I'm using hash_ring
package for distributing objects among servers. I've assumed that distribution would be uniform, as it's based on MD5 hashes. Unfortunately it's not the case.
I'm using random keys which are generated using uuid.uuid4()
. I've verified, that MD5 itself in fact does give uniform distribution. However, when I'm distributing using hash_ring.HashRing
there are differences of 20-30% between most and least populated buckets.
- Can uniformity of distribution be improved in
hash_ring
by tweaking some settings? - Are there other good alternatives to do consistent hashing in Python?

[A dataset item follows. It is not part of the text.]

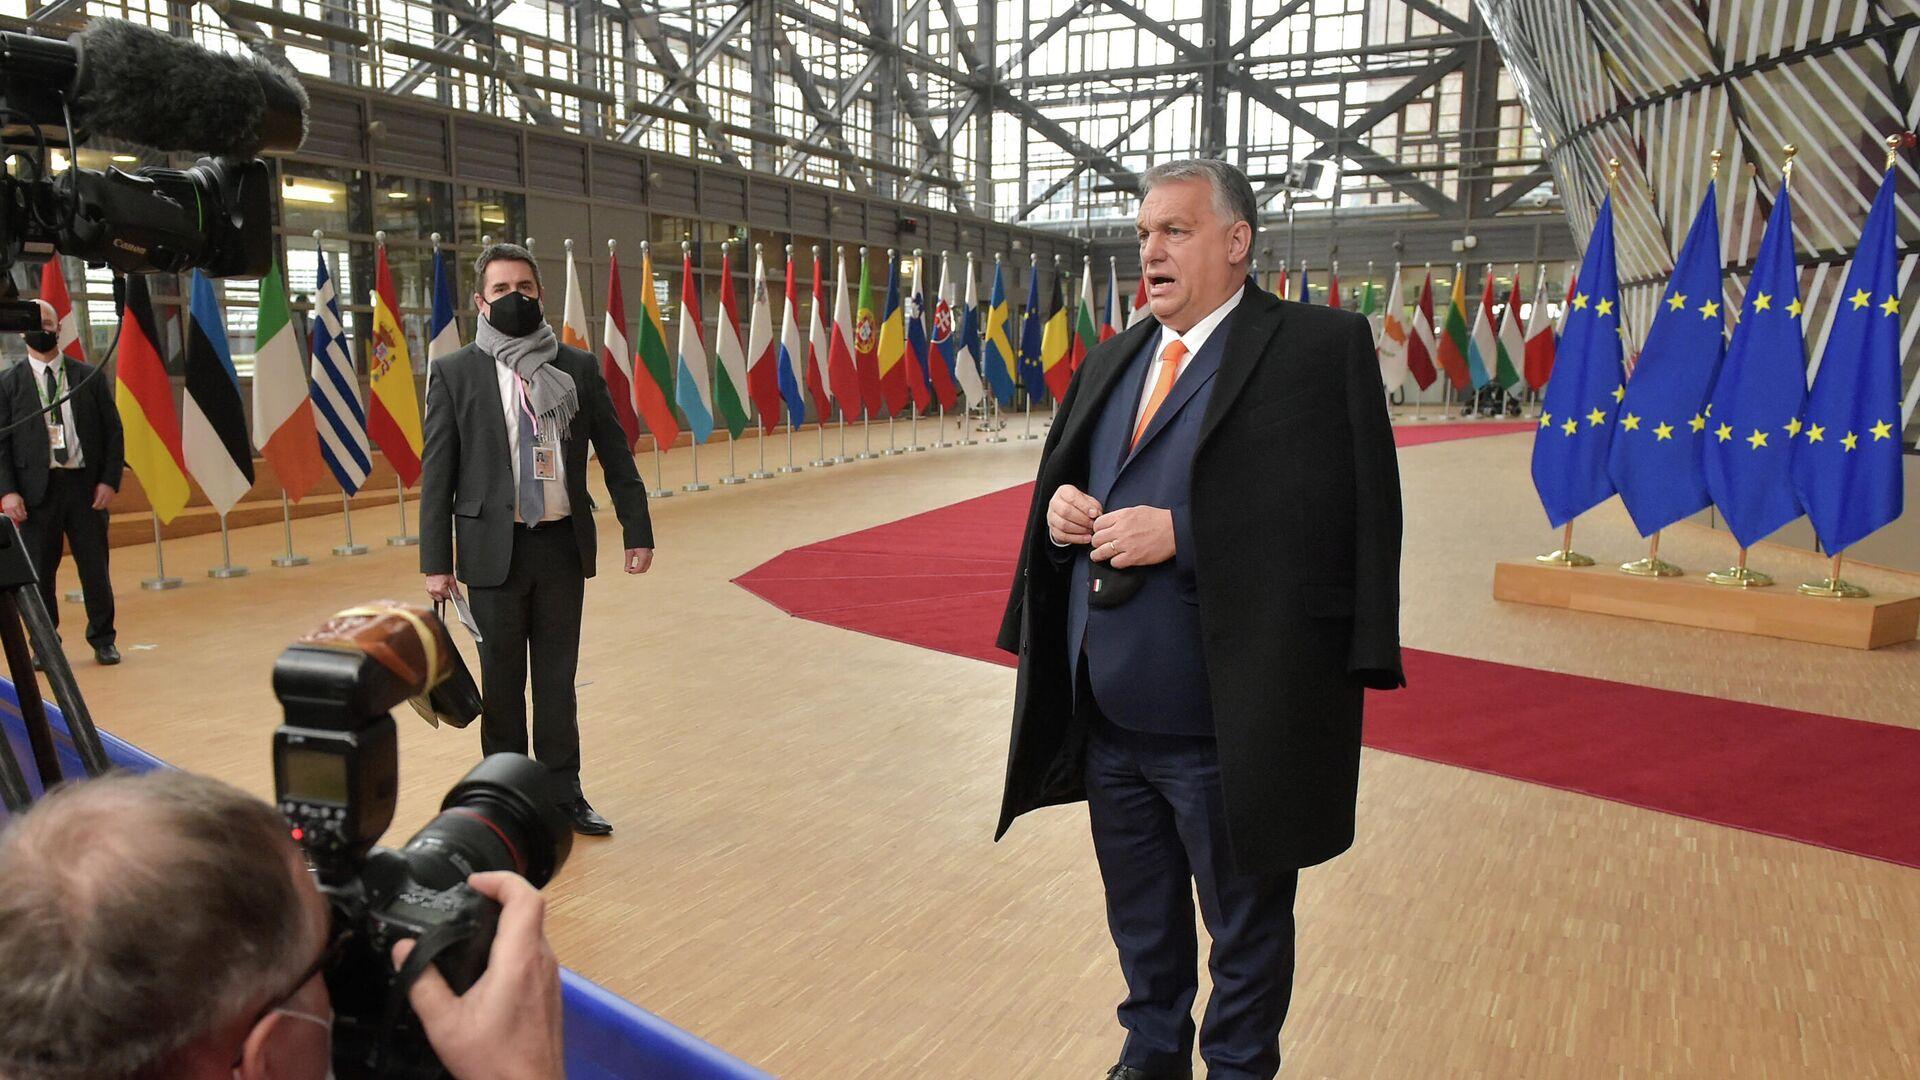 Премьер-министр Венгрии Виктор Орбан беседует с журналистами в здании штаб-квартиры ЕС в Брюсселе - РИА Новости, 1920, 03.07.2021

The code I've used to test uniformity of distribution:
ring = hash_ring.HashRing(range(8))
for _ in range(10):
counters = [0]*8
for _ in range(100000):
counters[ring.get_node(str(uuid.uuid4()))] += 1
print counters
Which printed out:
[11115, 11853, 14033, 11505, 13640, 12292, 12851, 12711]
[11164, 11833, 14024, 11562, 13365, 12302, 13002, 12748]
[11354, 11756, 14017, 11583, 13201, 12231, 13135, 12723]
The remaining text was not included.